Now this particular engine management system is on a 4 cylinder car and all injectors are wired in parallel. So: #1 injector draws .75A #2 injector draws .75A #3 injector draws .75A #4 injector draws .75A
For a total of 3.0A
Now let’s plug that back into Ohm’s law and solve for resistance. R=E/I
R=12/3
R= 4 ohms. is our total circuit resistance.
Unlike like a series circuit each resistor in a parallel circuit gets the same voltage, so there are multiple paths for the current to flow.
Yes, that does help. A lot. So if resistors were in series, it’s like the first bucket with a hole drains into a second bucket also having a hole. The flow rate through the first bucket through the second bucket will add up to decrease flow rate. Excellent! I have trouble with abstract concepts unless I can analogize them.
Transformers and pickups work on the same principles - this is a simplified discussion of the basic ideas, so don’t go out and try to build a substation.
A conductor not moving in a magnetic field has no current induced in it. If the conductor moves through the magnetic field, or the magnetic field varies around the conductor, a current will be induced. The inverse is also true - if a current flows through the conductor, it will try to move through the magnetic field (but only while the current is changing). Upon these principles are built generators (where a magnet is rotated within a coil to produce a current) and electric motors (where a current is passed through a coil in a magnetic field to produce motion).
In a transformer, the primary coil and magnetic former is fed with an AC current. This produces a varying magnetic field (the frequency of the magnetic field is the same as the AC frequency in the primary). The secondary is a static coil within a varying magnetic field, so a current is induced in that coil. The output voltage and current depends on the relationship between the number of turns and cross-sectional area and the former - it’s been a while since I did all the maths. Also, the geometry of the former and the coils has an impact on losses, as does Back EMF (where the current flow through the secondary creates a magnetic field in opposition to the primary).
The pickups have a static magnet and a static coil - so no current should be induced. However, the ferromagnetic string vibrates within the magnetic field, and affects the flux through the coil windings. It is this very small change in magnetic field that is converted into the electrical signal that an electric guitar produces.

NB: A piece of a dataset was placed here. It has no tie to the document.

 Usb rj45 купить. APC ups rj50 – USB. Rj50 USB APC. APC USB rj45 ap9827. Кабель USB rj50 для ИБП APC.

Nope. The electrons don’t jump from on side to the other, they are attracted/repelled by the field created by the electrons on the other side. As an electronic engineer you think of capacitors as components either (1) Storing charge (2) Blocking DC and passing AC. (Here we go with the simplifications) A capacitor can’t pass DC because there is no path for the electrons to flow continously, but if the voltage at one plate is varied the other side will be dragged up/down until it reaches the same voltage. If the voltage is always changing (AC) then the current/signal passes through the capacitor. The impedance (AC resisance) decreases with higher signal frequency. The impedance drops for parallel capacitors because you are increasing the overall plate area.

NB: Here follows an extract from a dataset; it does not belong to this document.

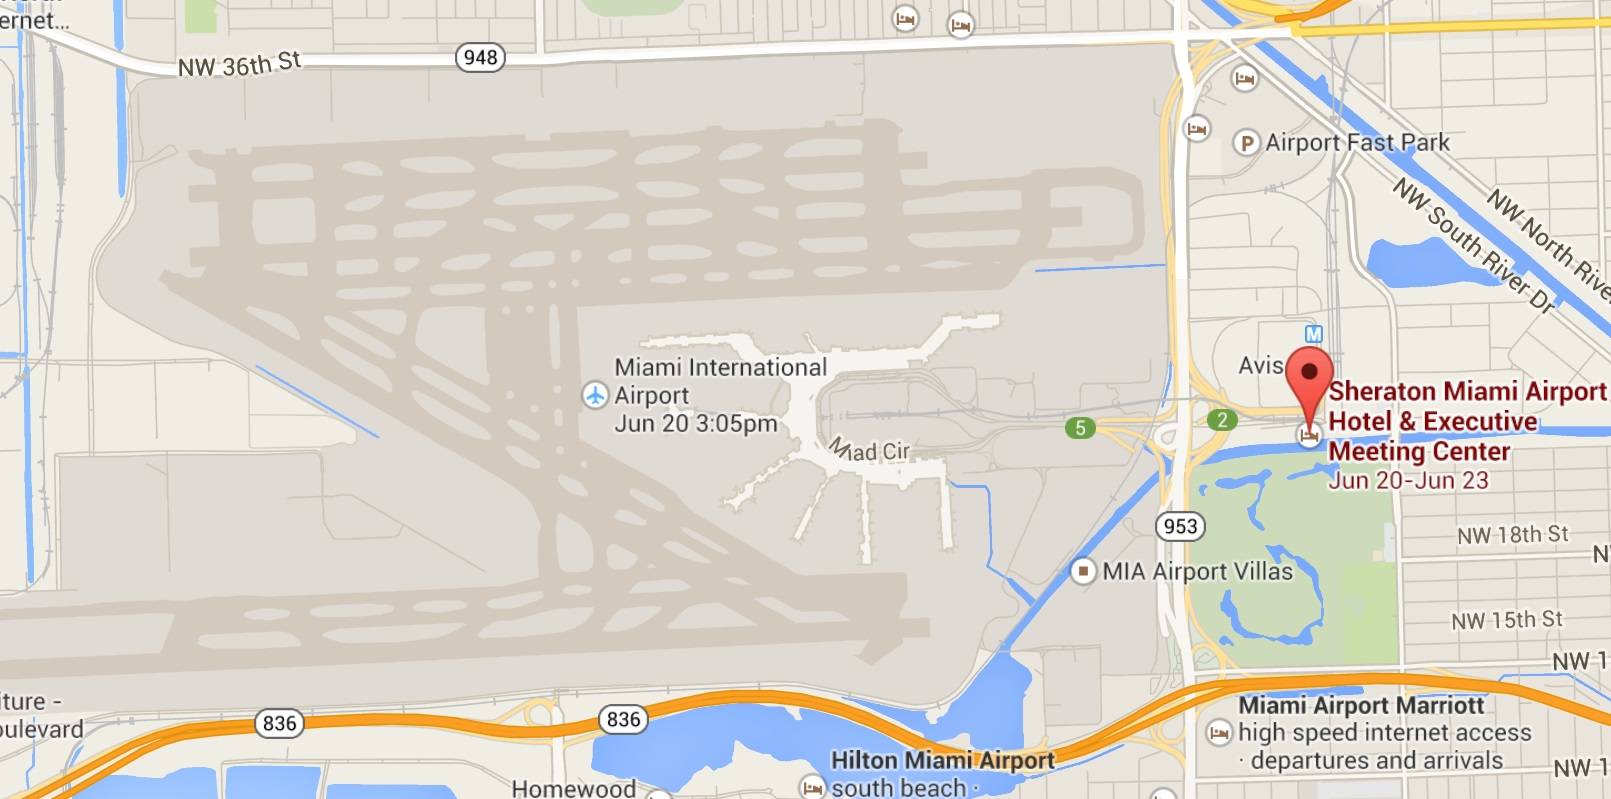 Аэропорт майами интернешнл (название miami international airport, mia): описание, расположение и контактная информация

Inductors (coils) are the same but the other way round
The ground is not an operative part of the circuit. It’s a separate path to Earth provided for safety; it only carries current when there is a fault such as a hot wire contacting the grounded chassis. It can also be used for mitigation of EMI (electromagnetic interference): for example, by grounding a metal enclosure around the circuit, noise signals will preferentially go to ground, rather than into or out of your circuit. Both the neutral and the ground eventually go to Earth via a ground rod connected to your load center, but they are kept separate until then. the neutral carries current, and may have significant voltage present on them. The safety ground does not carry current and is, or should be, always at zero volts.
I’m not actually designing an amp from scratch. I bought a kit. You don’t really need to know much to assemble the kit, I’m just curious. As to it being time consuming, that’s the idea. Thanks for all the responses so far!